Required work: Should the listing contain images, exclude them; give the rest again exactly.

Raw data:
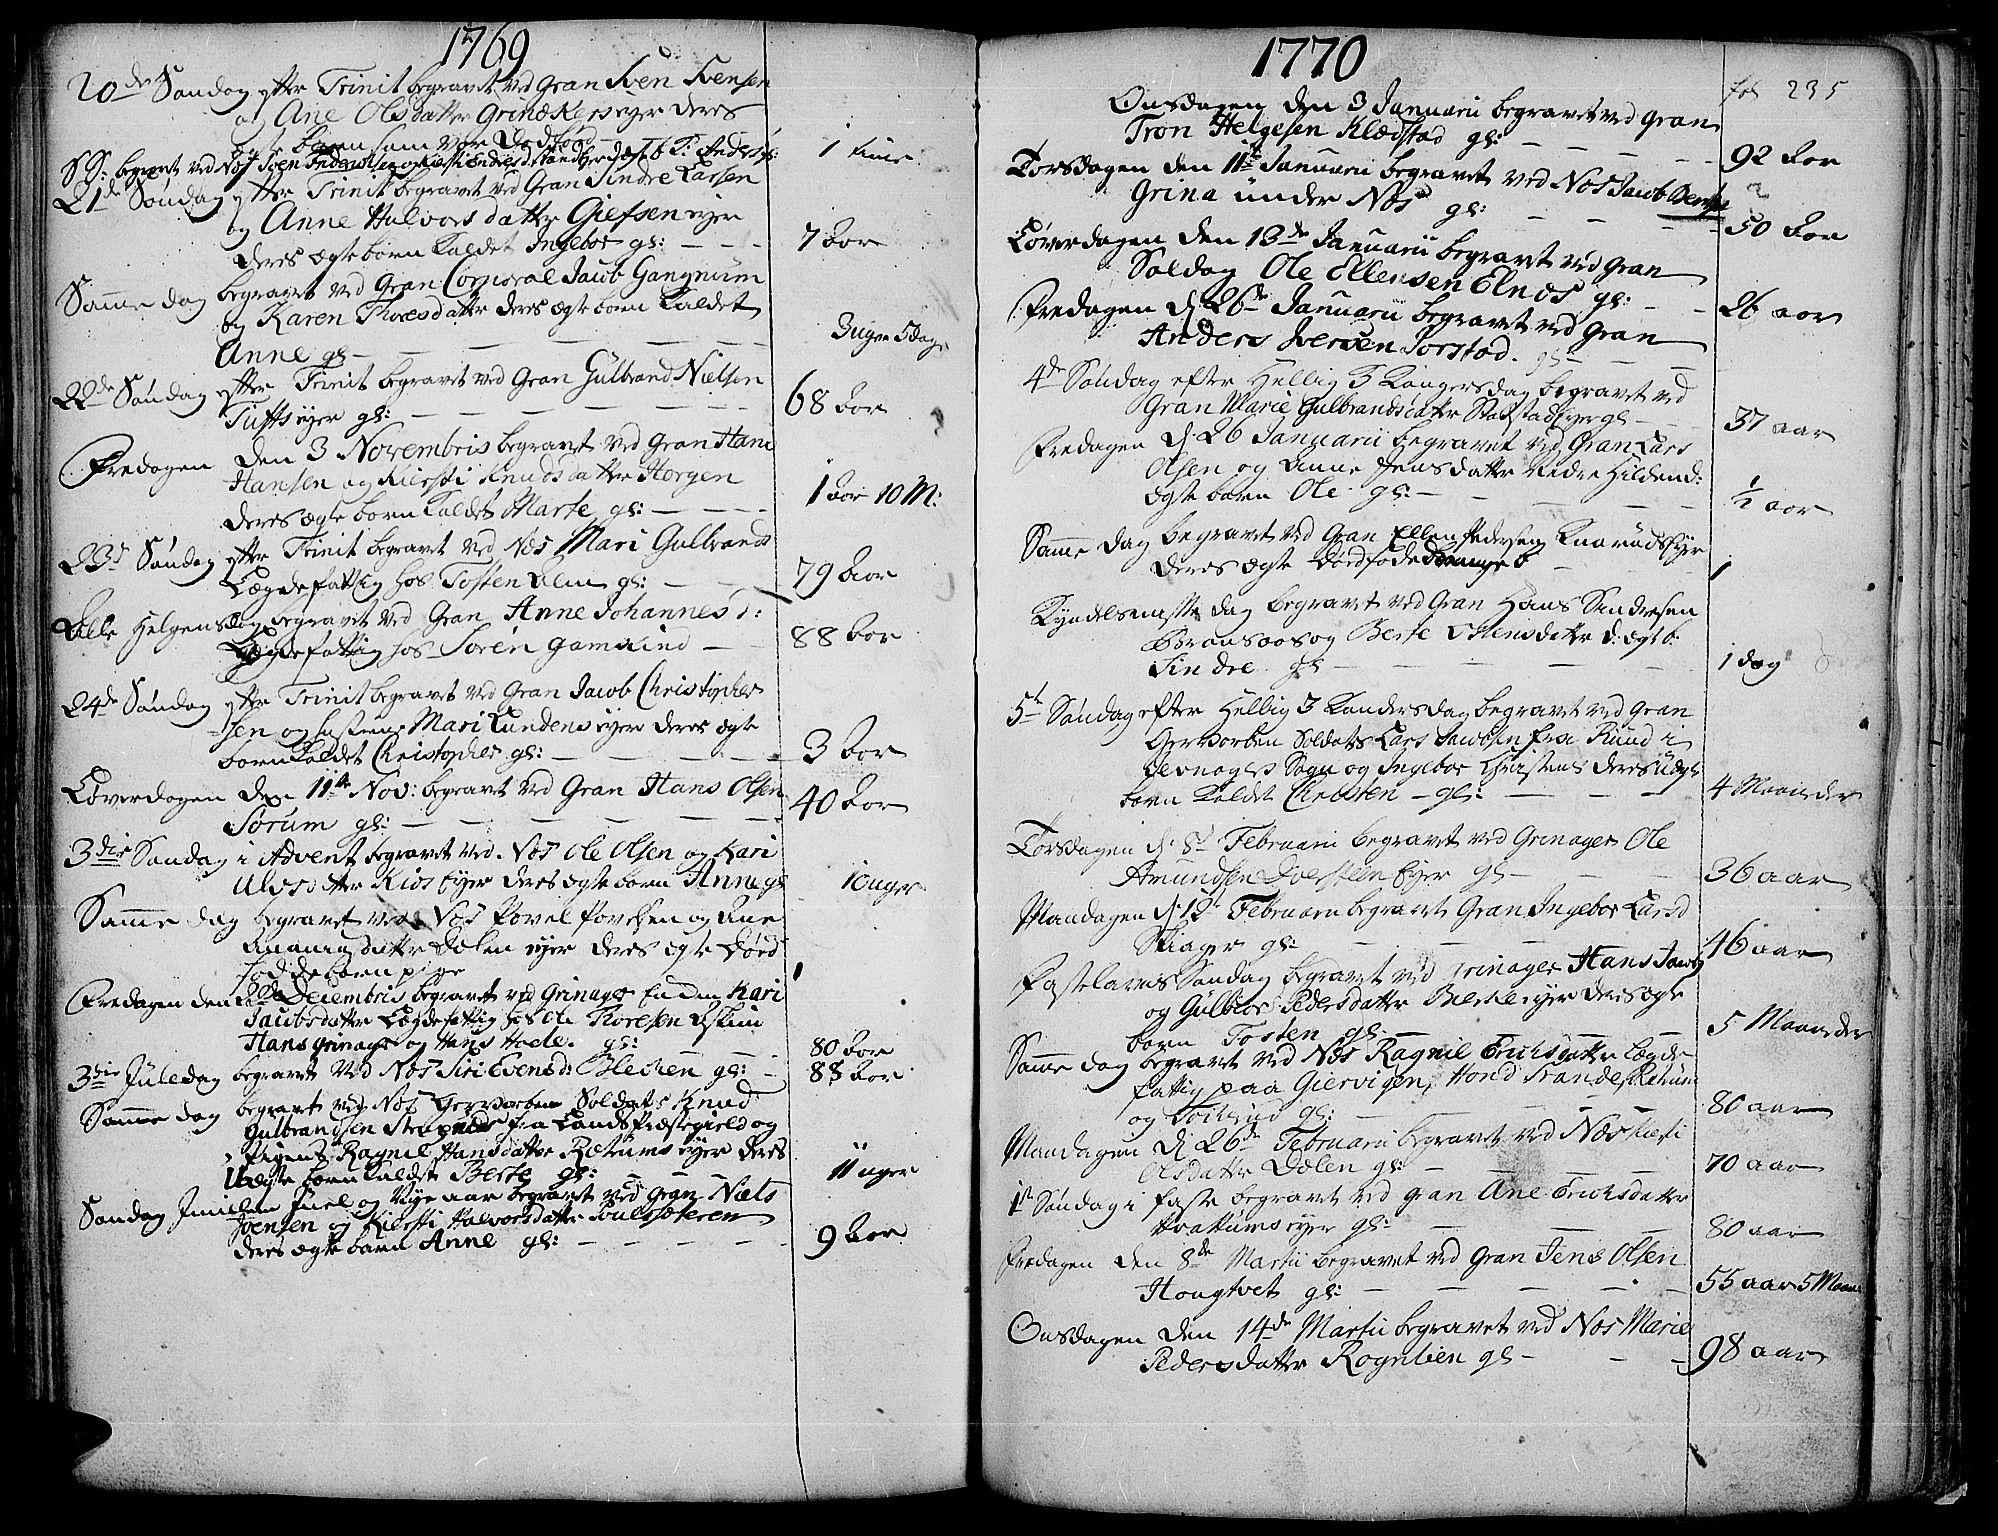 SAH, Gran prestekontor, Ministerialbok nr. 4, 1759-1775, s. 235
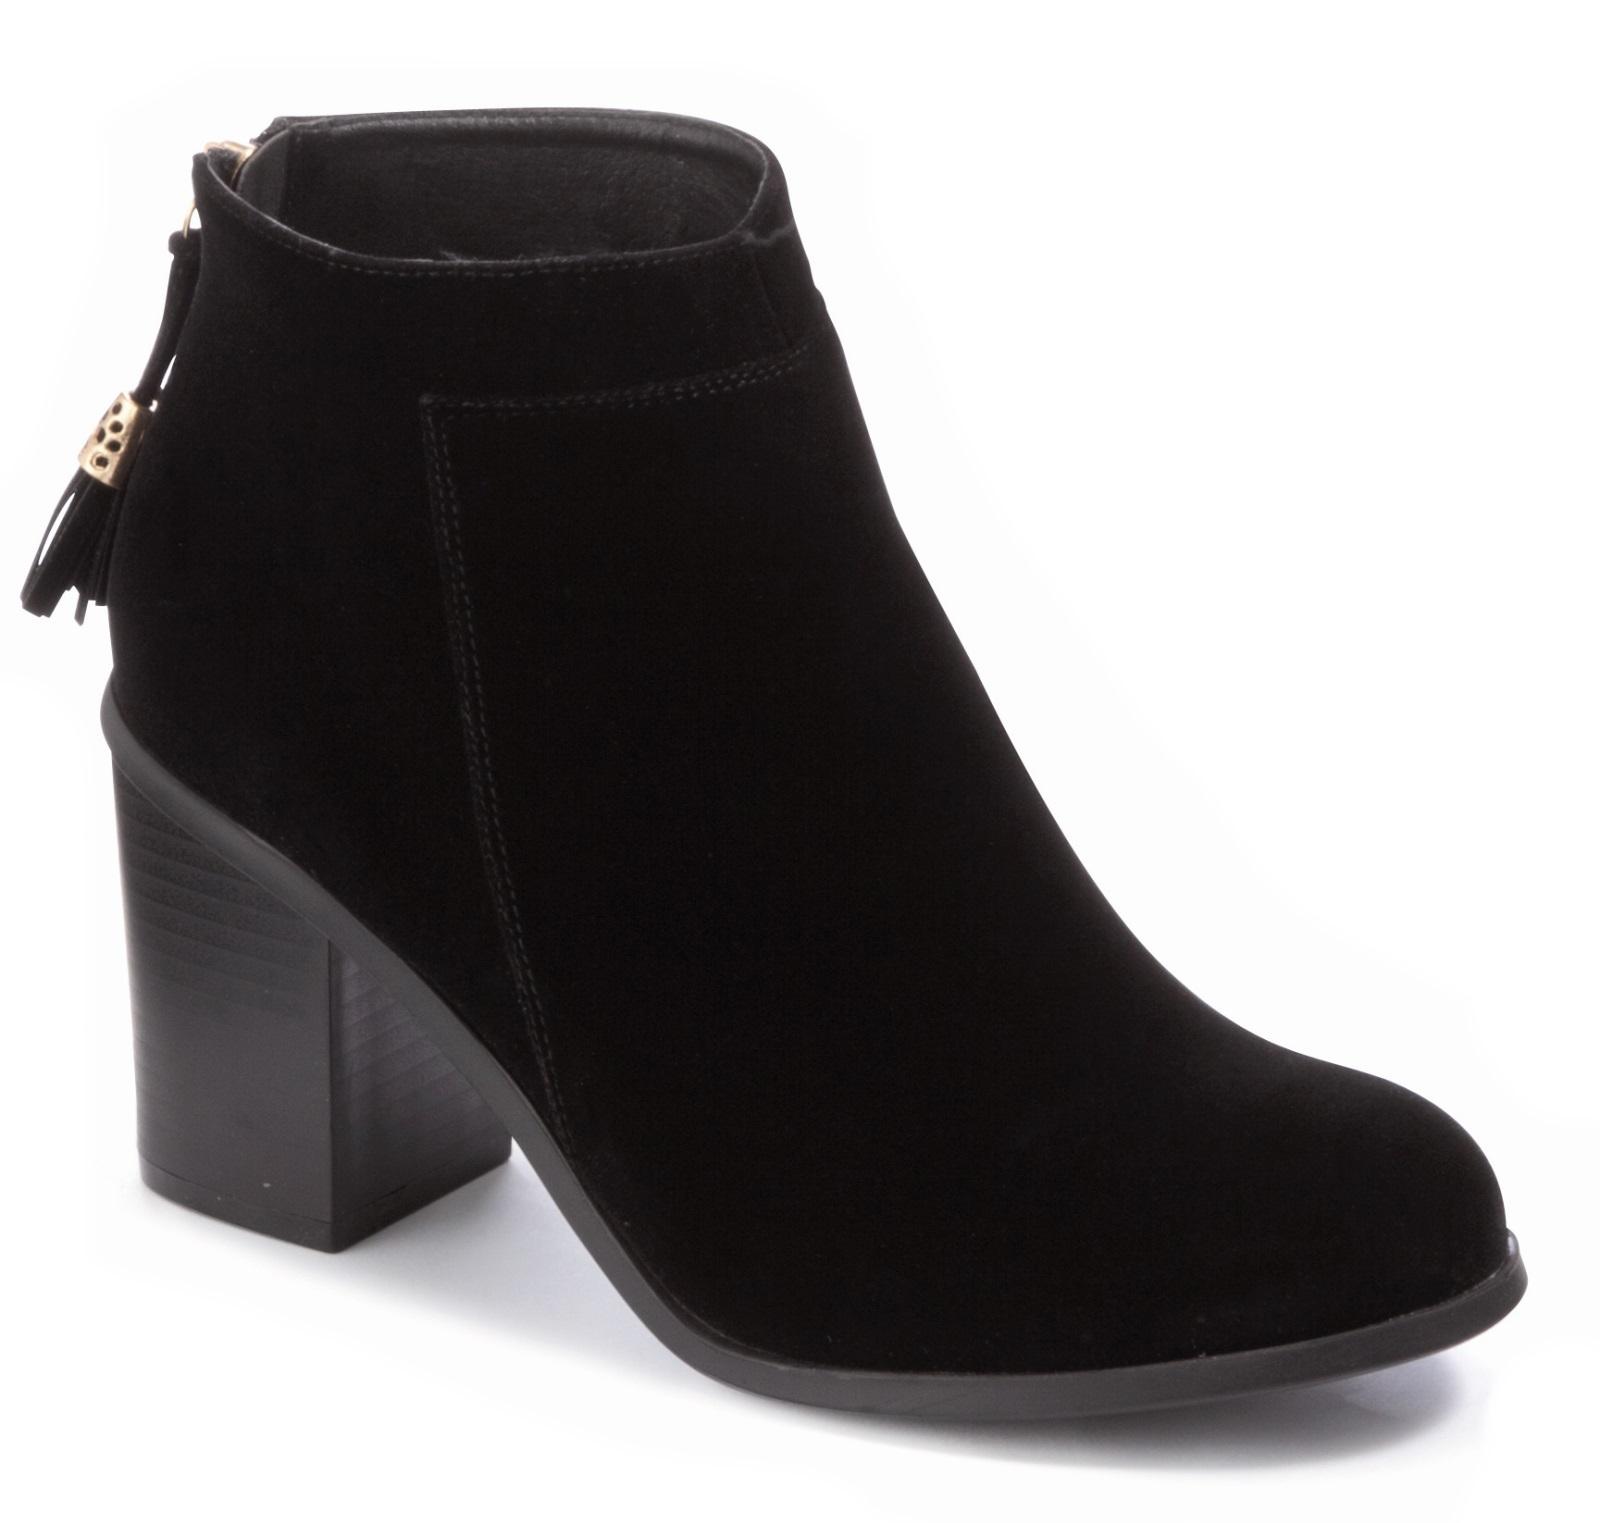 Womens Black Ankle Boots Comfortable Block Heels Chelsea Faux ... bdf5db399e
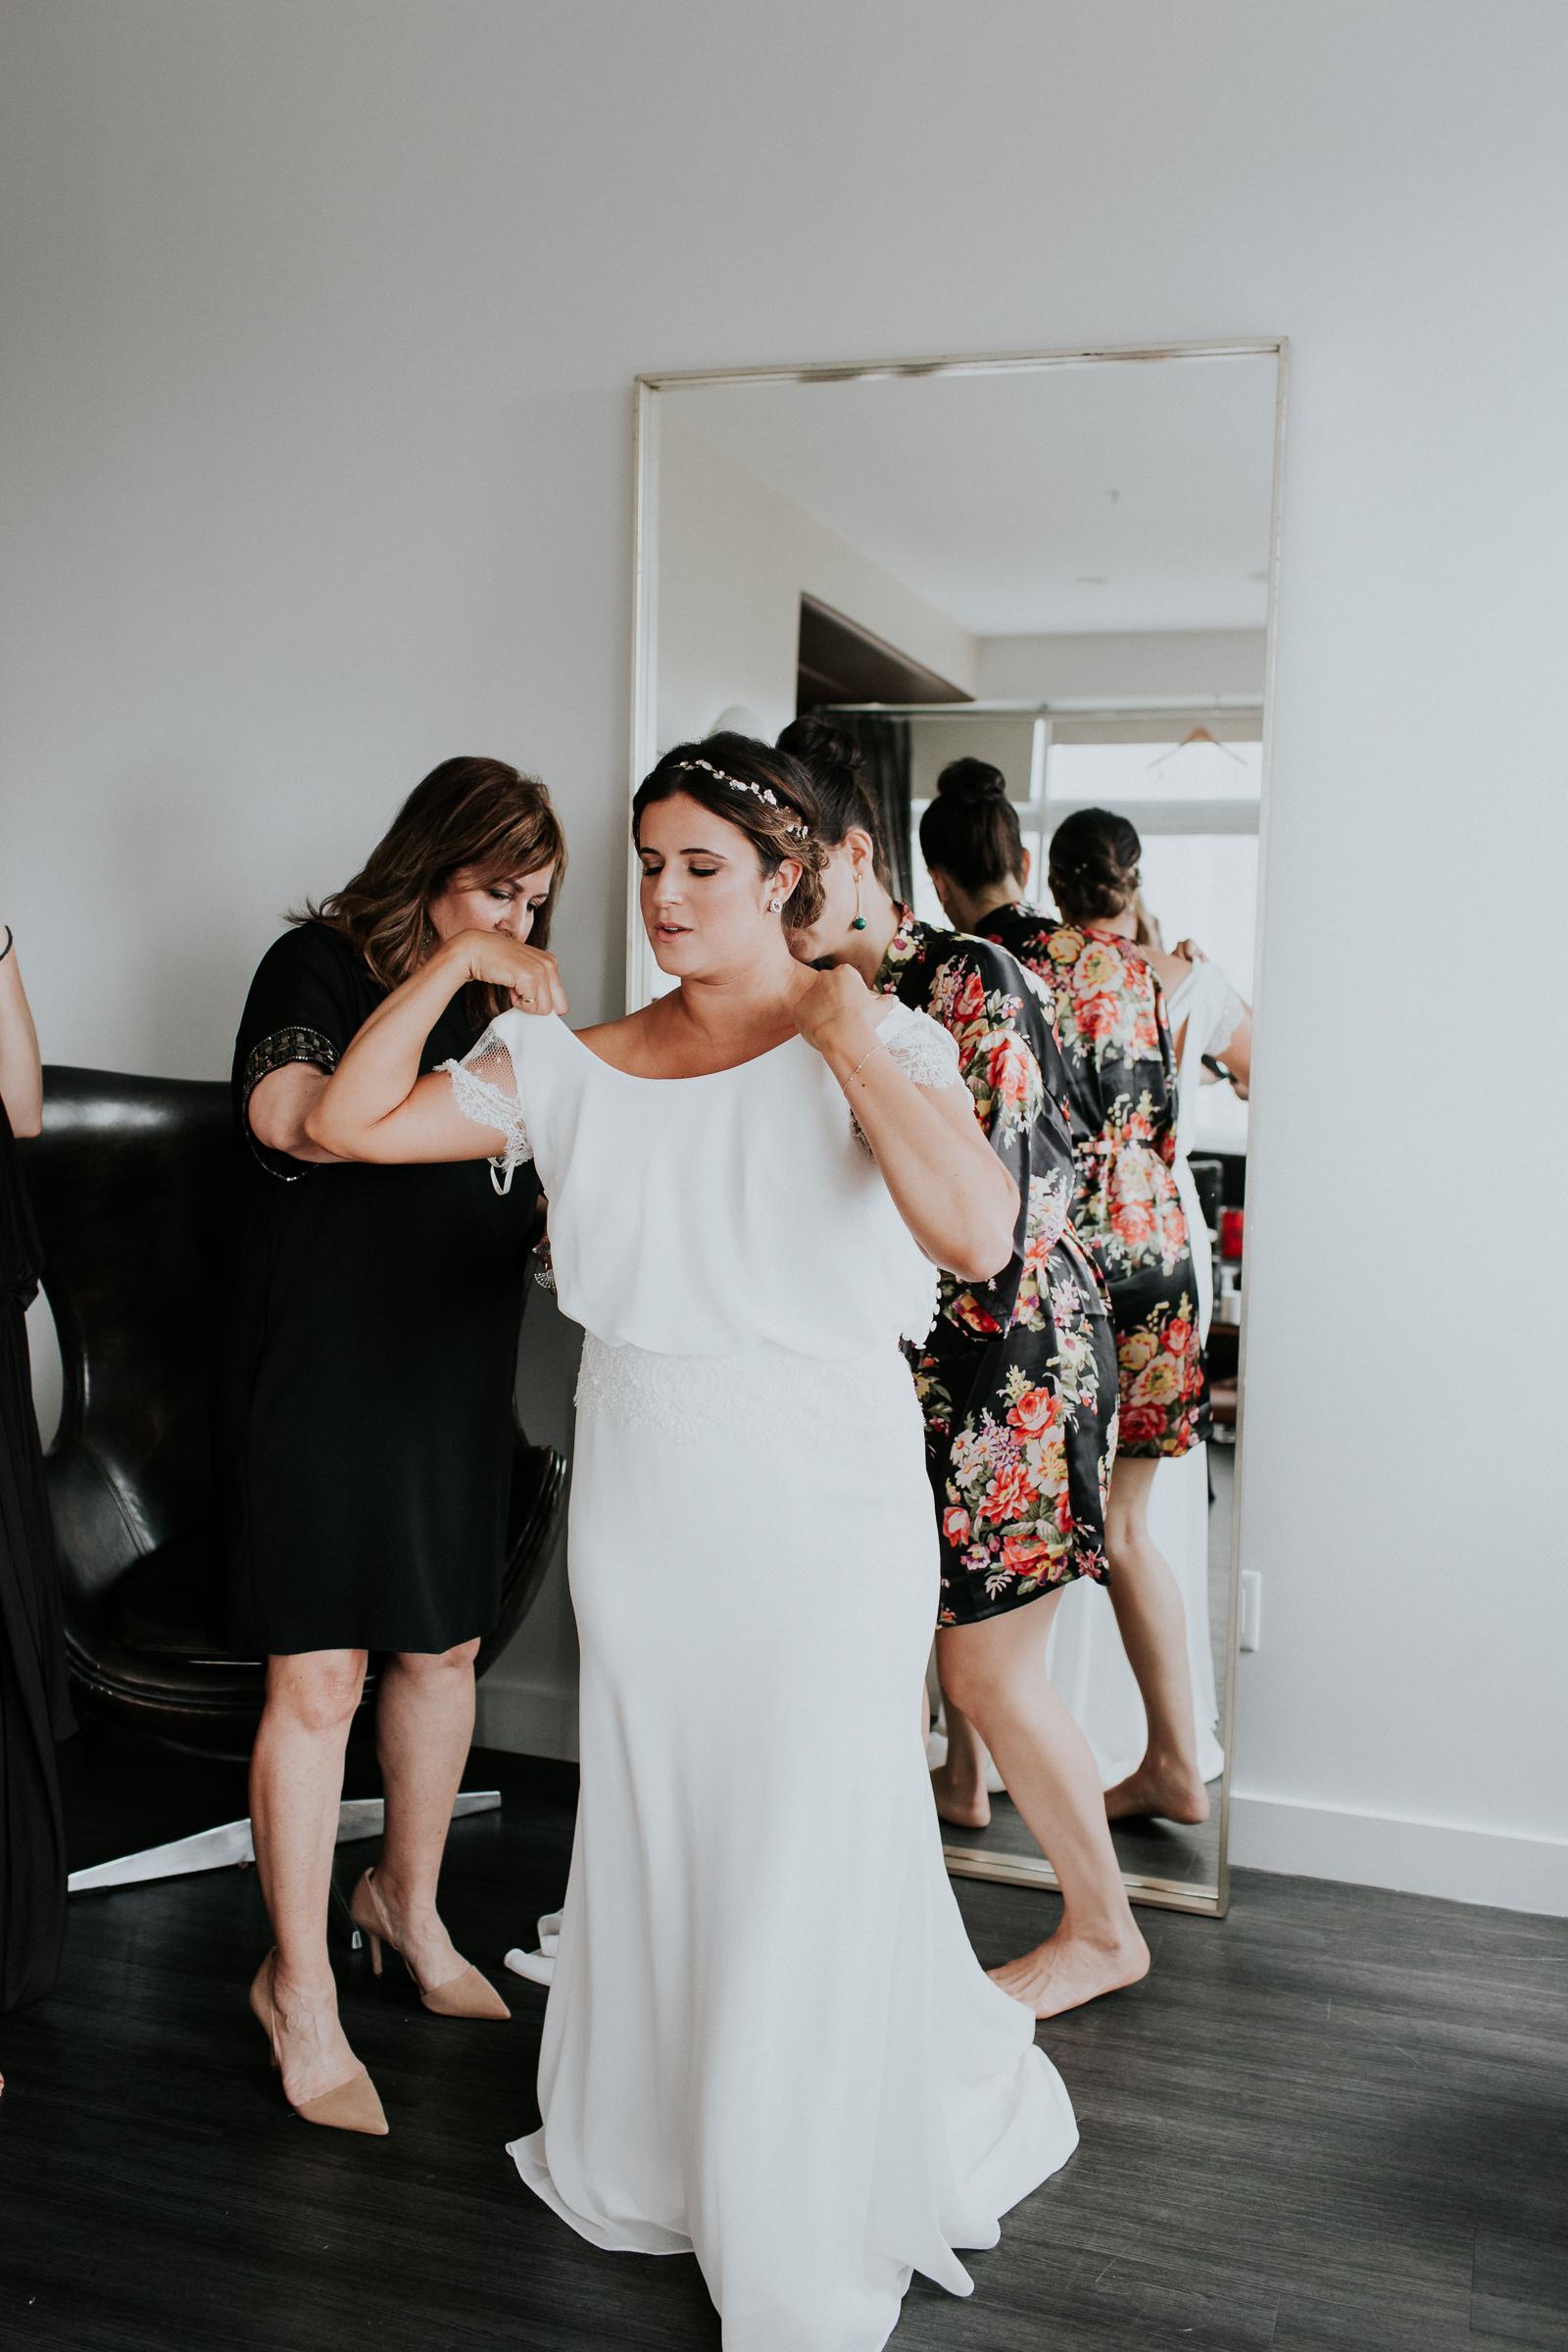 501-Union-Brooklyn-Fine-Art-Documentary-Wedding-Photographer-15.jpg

Output for this exercise:
 SAH, Gran prestekontor, Ministerialbok nr. 4, 1759-1775, s. 235
 Womens Black Ankle Boots Comfortable Block Heels Chelsea Faux ... bdf5db399e
 501-Union-Brooklyn-Fine-Art-Documentary-Wedding-Photographer-15.jpg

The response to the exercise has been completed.